Anyhow, I'm curious about the internal and external shape of the ear cups -- when fashioned out of wood.  This coming week, I'm going to get some "lathe time" which I'd like to use for making some new ear cups + baffles.  The external look I like is very similar to Funch's "Plastic Pantz" mod -- very cylindrical and flat at the sides.  Clean, straight, and not bulbous.  Just my personal preference. 
 
Here's a picture (with wood baffle attached -- courtesy of Funch)...


 
Here are my questions.
 
  • For the external portion of the ear cup, could I make the outside face of the ear cup (where the strap assembly joins) even flatter than the Plastic Pantz version?  In other words, rather than being slightly domed (as in the photo above), could it be flat or nearly flat, or would that affect the movement of where the head strap connects to the ear cup?

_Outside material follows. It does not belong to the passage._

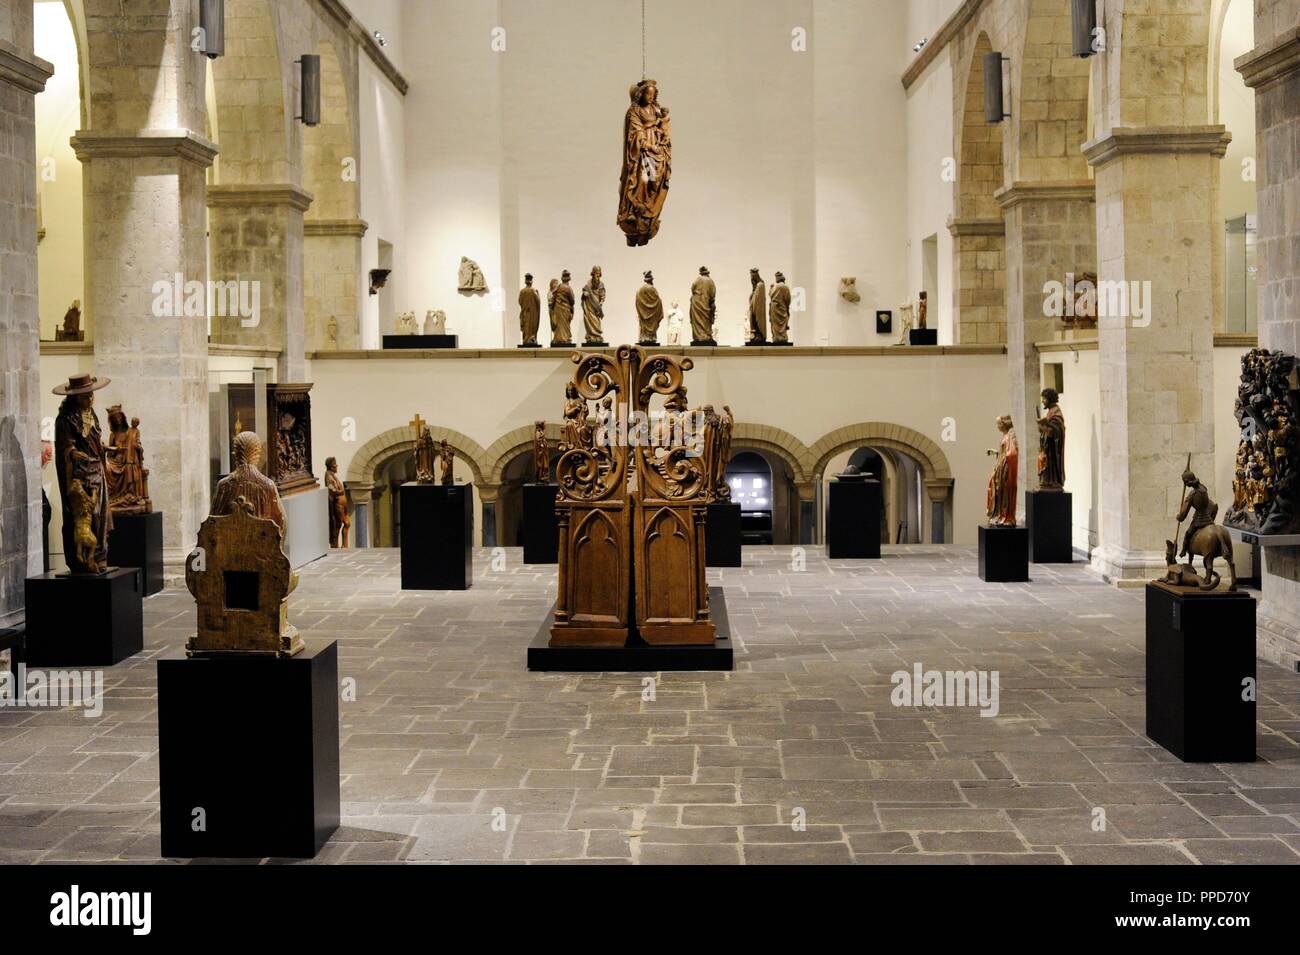 Schnu_tgen Museum. Interior view of the old Romanesque church where the museum is located. Cologne, Germany. Stock Photo

  • For the internal portion of the ear cup, how bored out does it really need to be?  Obviously enough to fit the driver, but it is desirable to have it as hollowed out as it can be, or less so?  I suppose if you hollow it out most of the way, then you can always add more material to dampen the sound, if you like.  It gives you more option that way.
  • Does the baffle need to be plywood, as most people seem to recommend?  What if I chose to use maple instead -- is that less strong, or somehow else undesirable?
 
Thank you very much for your help.  Looking forward to this next project!